*** Dataset entries Section Begins ***
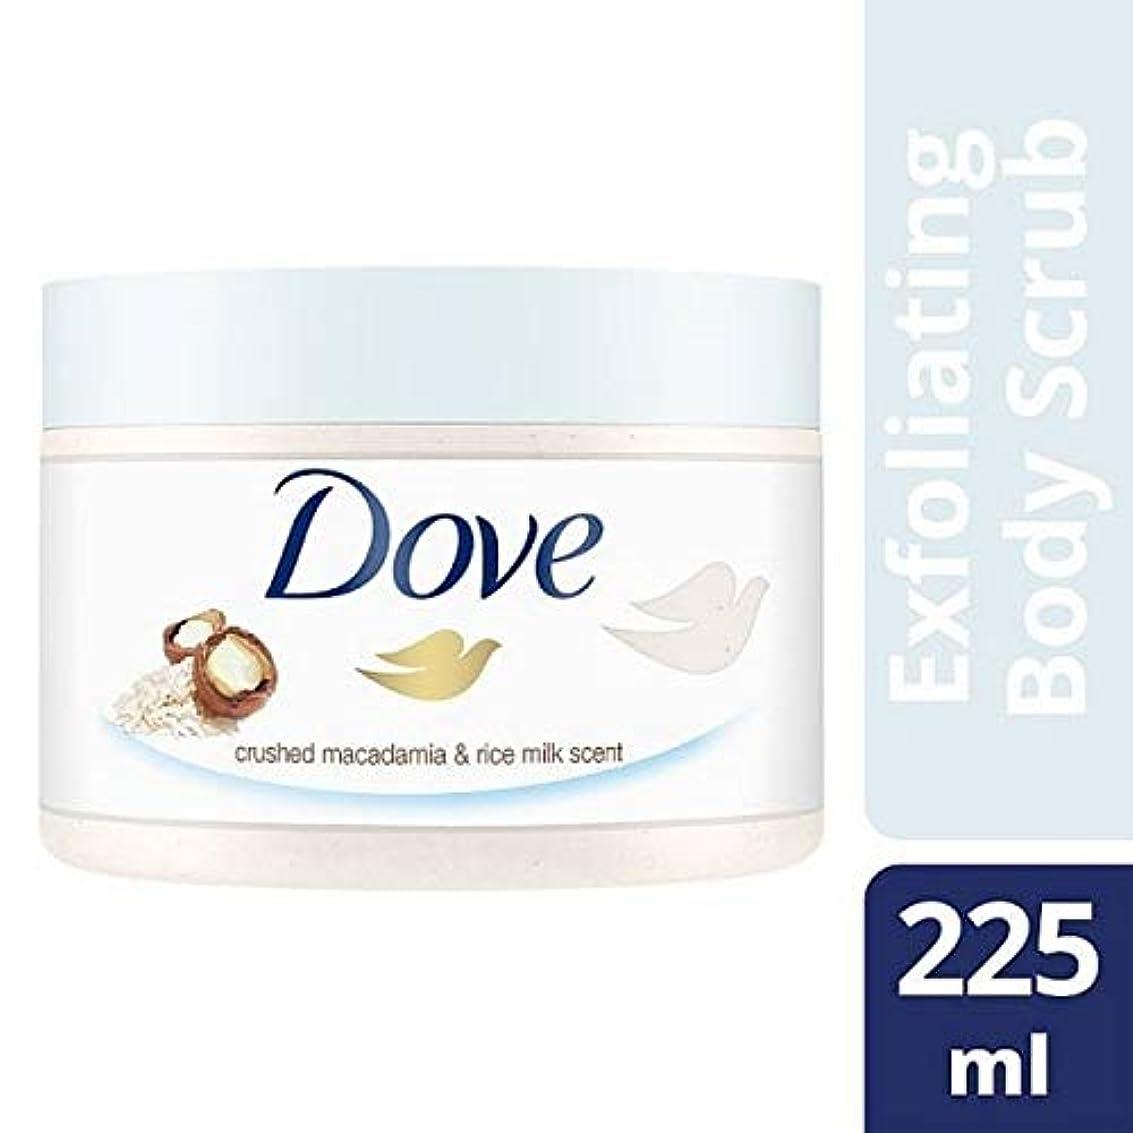 [Dove ] ボディスクラブマカダミア&ライスミルク225ミリリットルを剥離鳩 - Dove Exfoliating Body Scrub Macadamia & Rice Milk 225ml [並行輸入品]
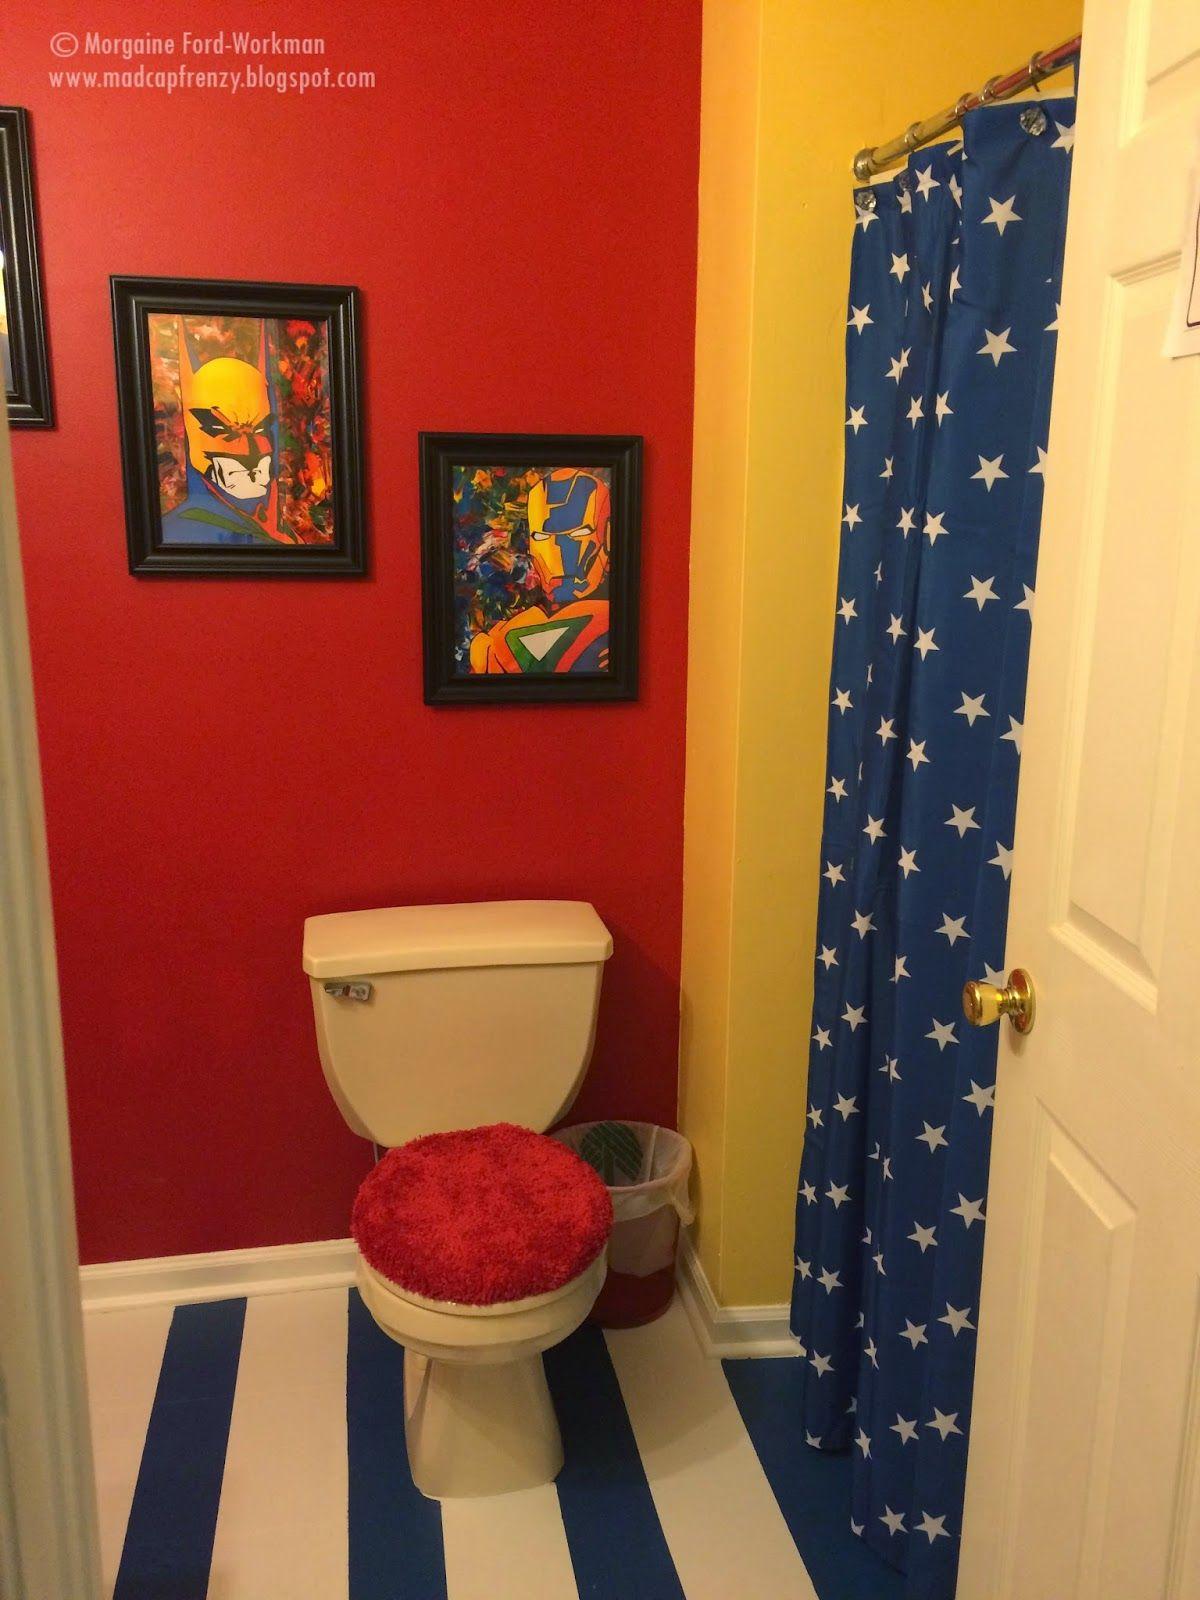 Marvel shower curtain - Bedrooms
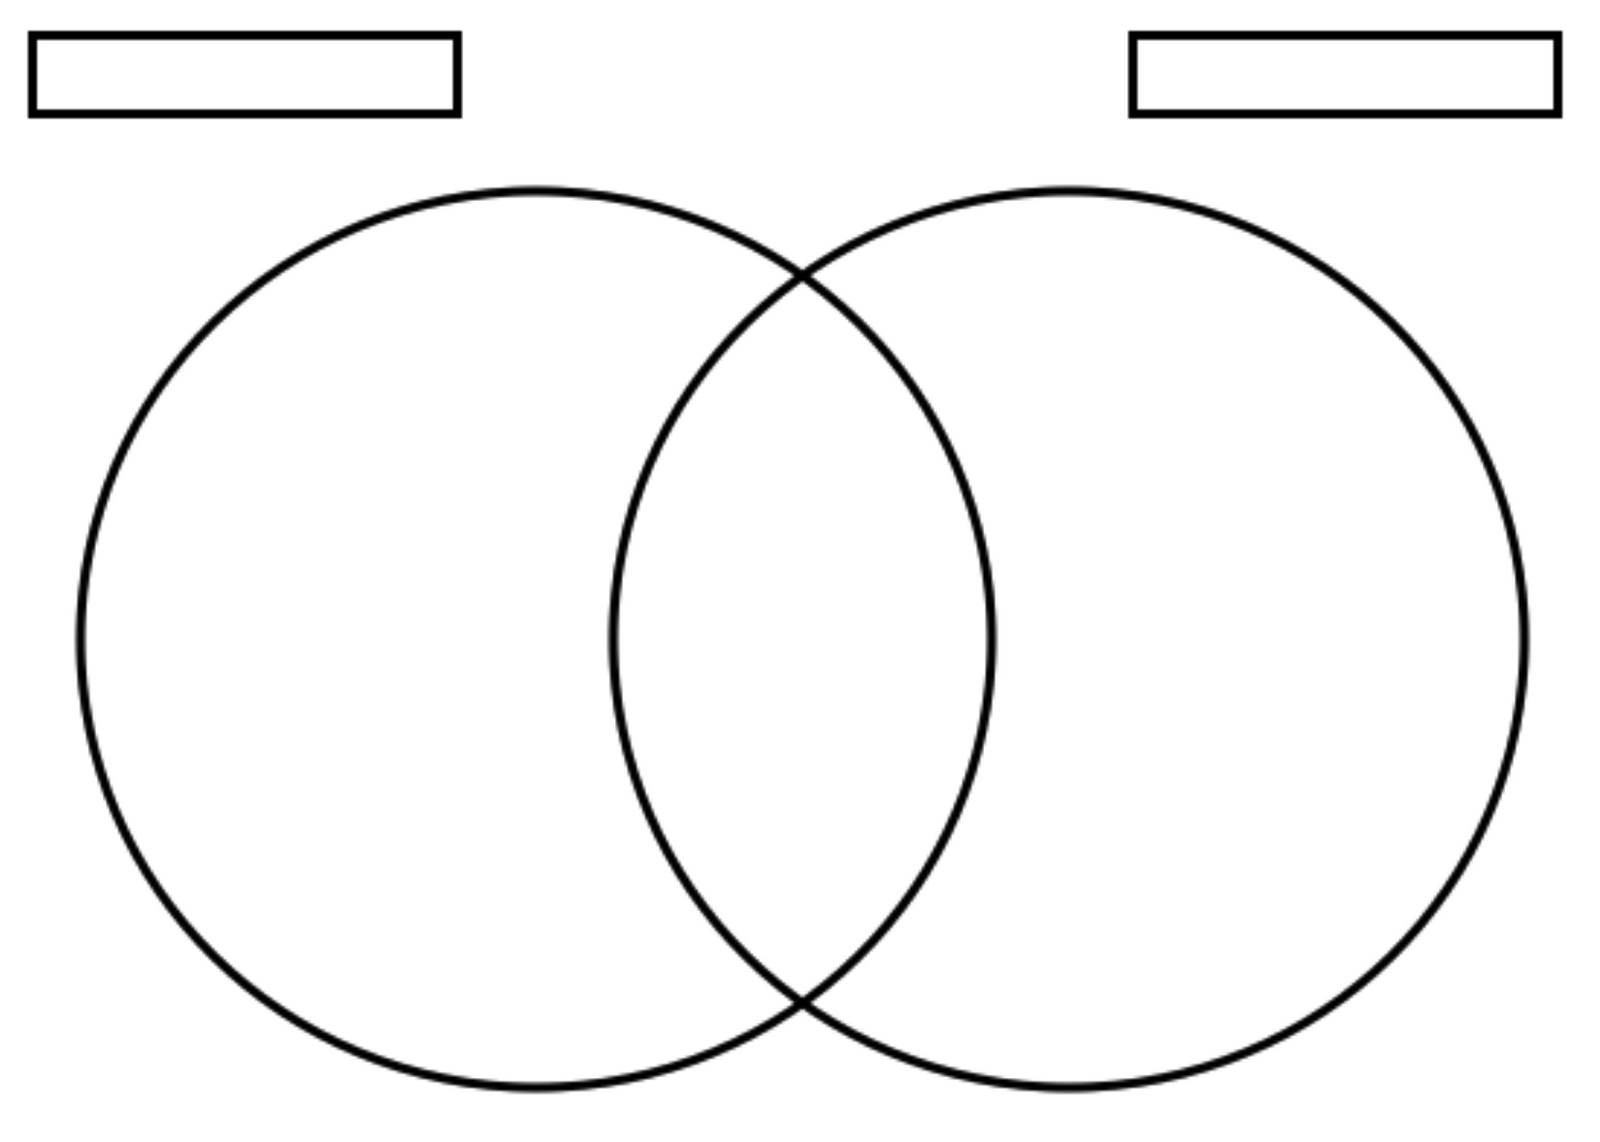 Venn Diagram Template | School Stuff | Pinterest | Venn Diagram - Free Printable Venn Diagram
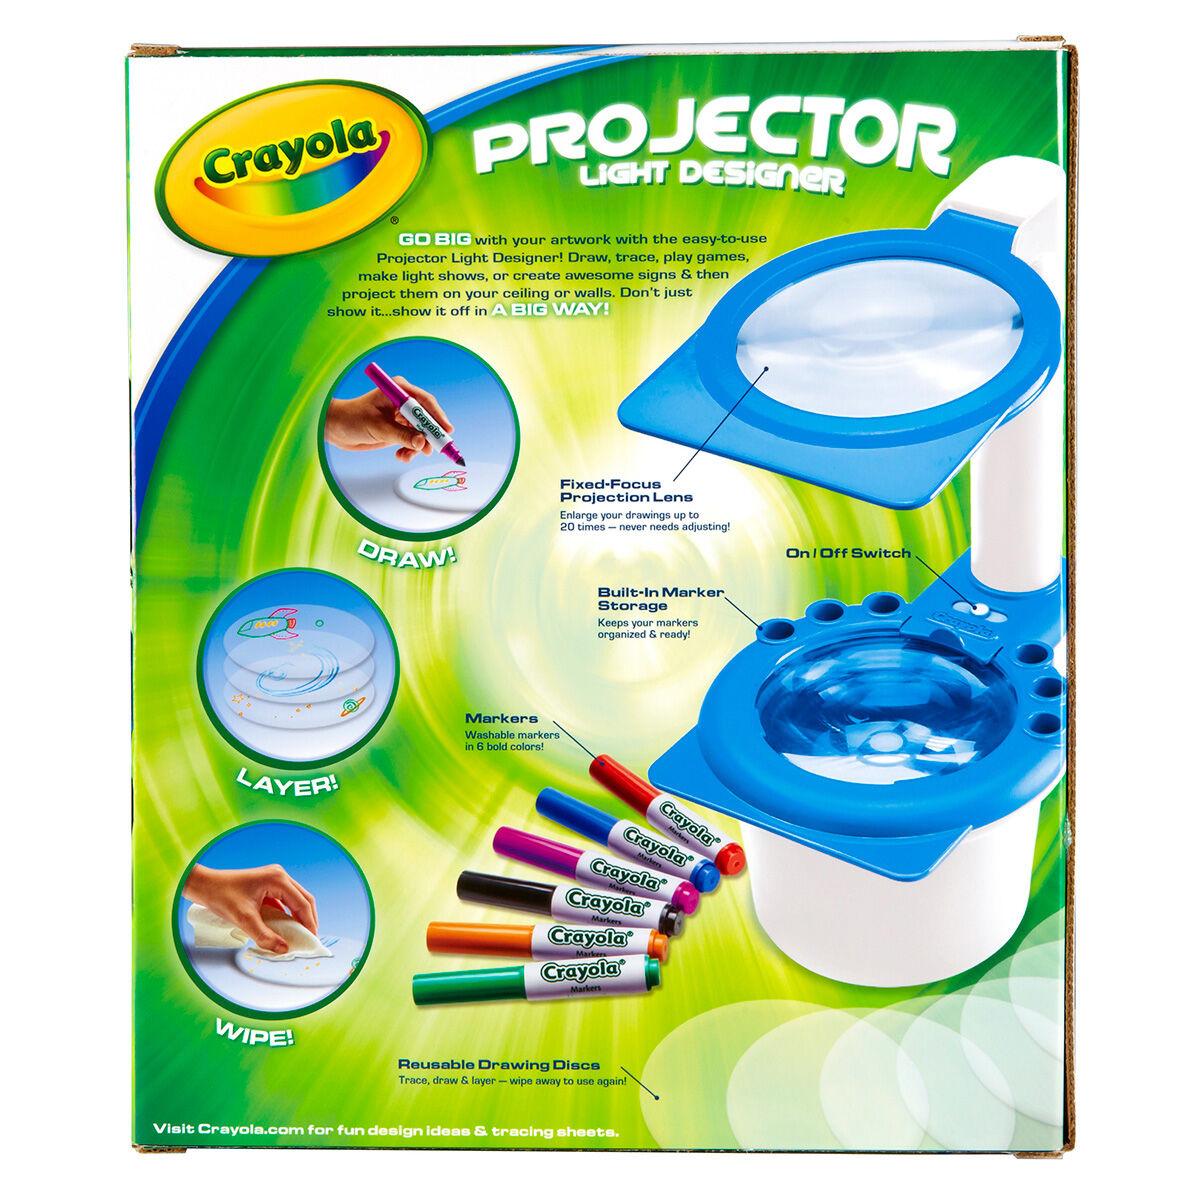 Crayola Projector Light Designer Light Projector Crayola
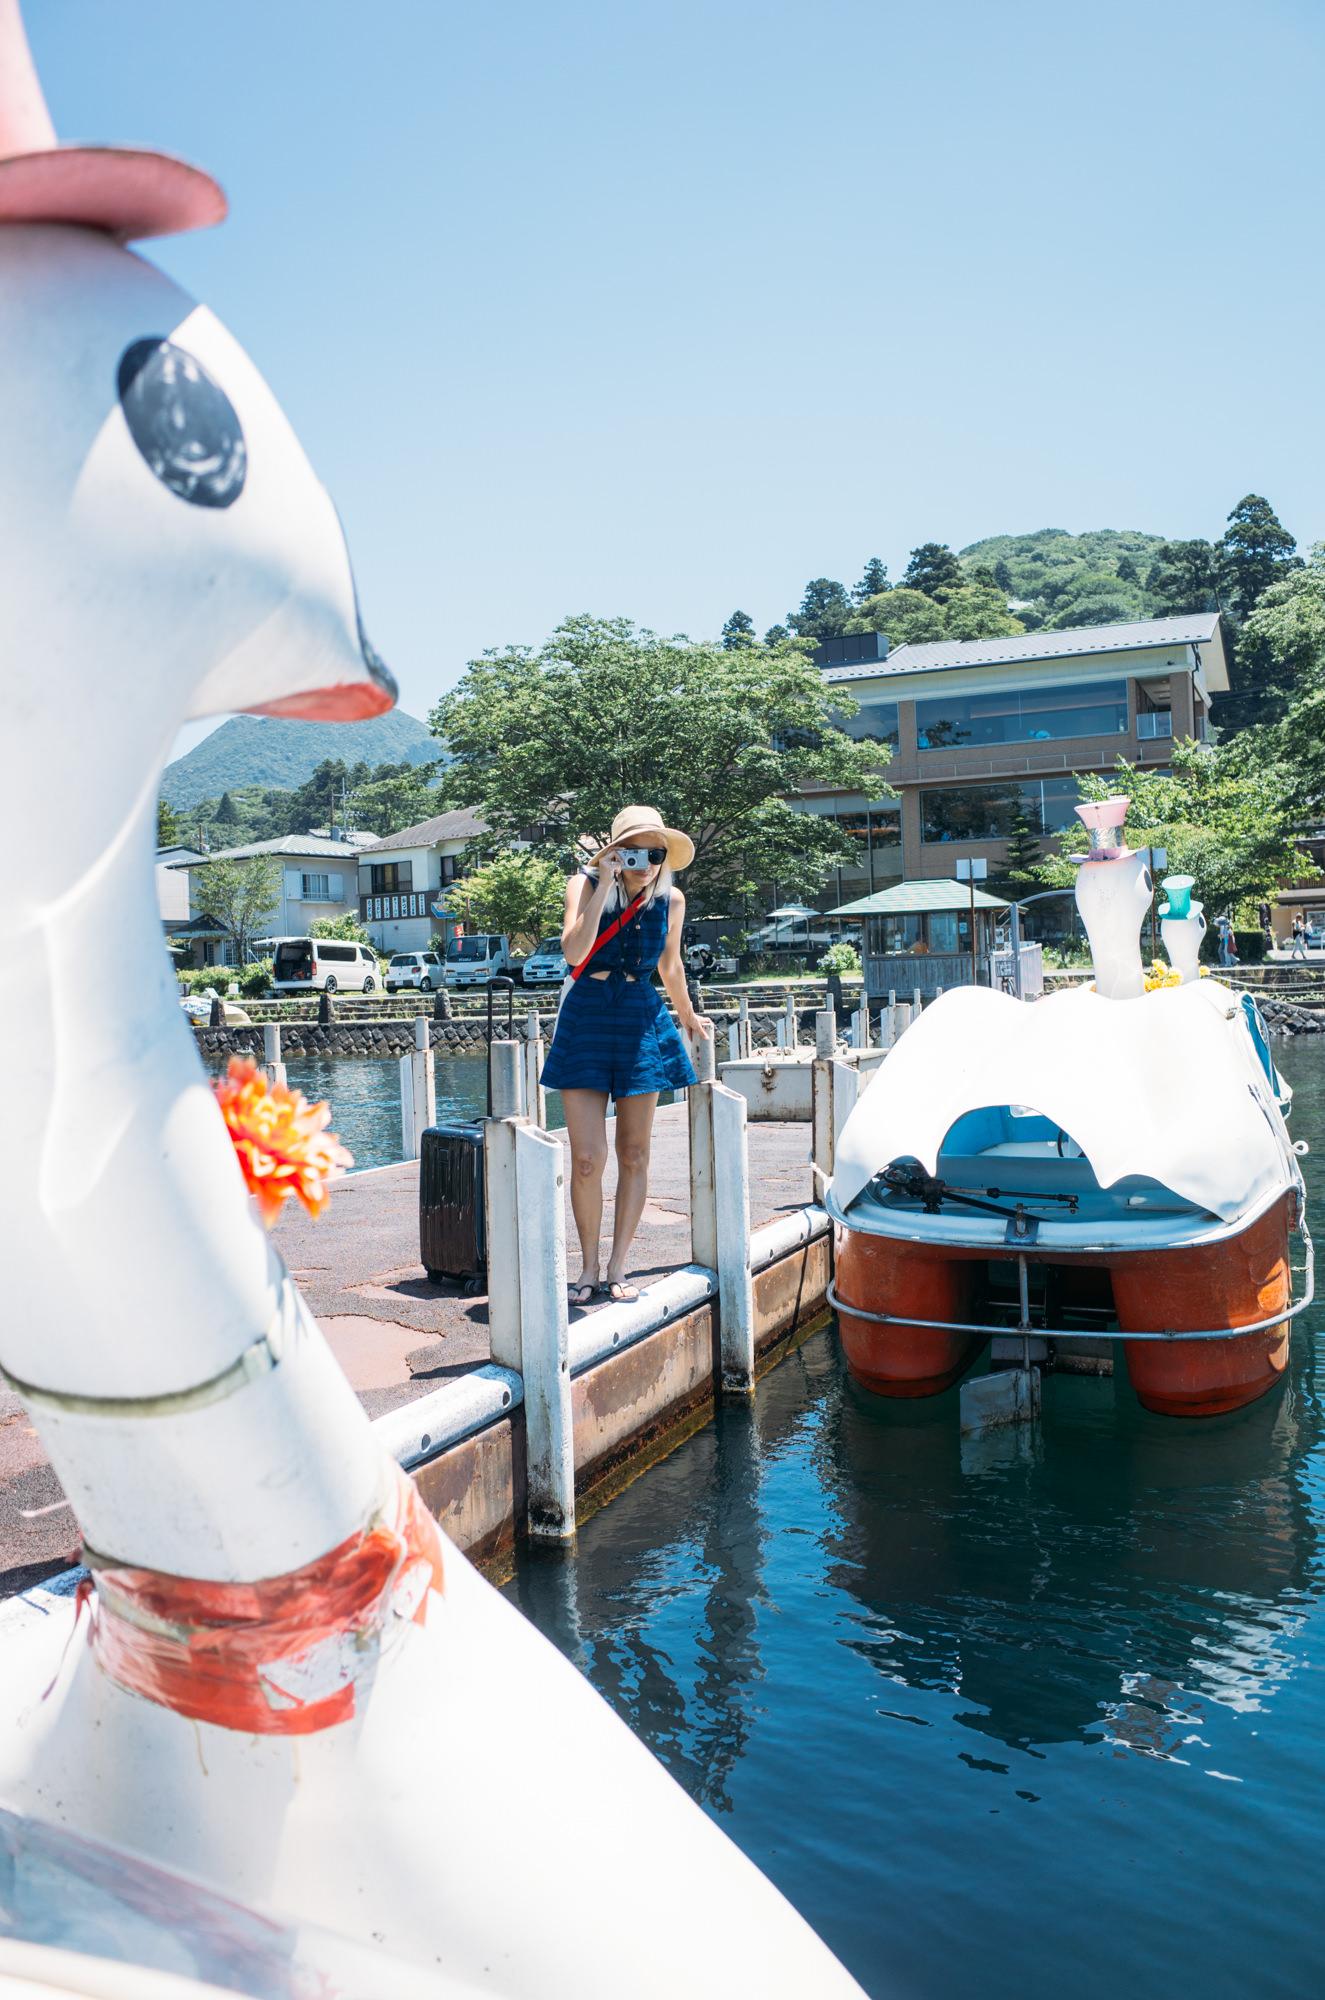 wrenee-hakone-japan-lake-ashi-swan-boats-15.jpg
*** Dataset entries Section Ends ***
### What you need to do:
Once the pictures are set aside, repeat the remaining data word for word.

### Answer box:
 [Dove ] ボディスクラブマカダミア&ライスミルク225ミリリットルを剥離鳩 - Dove Exfoliating Body Scrub Macadamia & Rice Milk 225ml [並行輸入品]
 Marvel shower curtain - Bedrooms
 Venn Diagram Template | School Stuff | Pinterest | Venn Diagram - Free Printable Venn Diagram
 Crayola Projector Light Designer Light Projector Crayola
 wrenee-hakone-japan-lake-ashi-swan-boats-15.jpg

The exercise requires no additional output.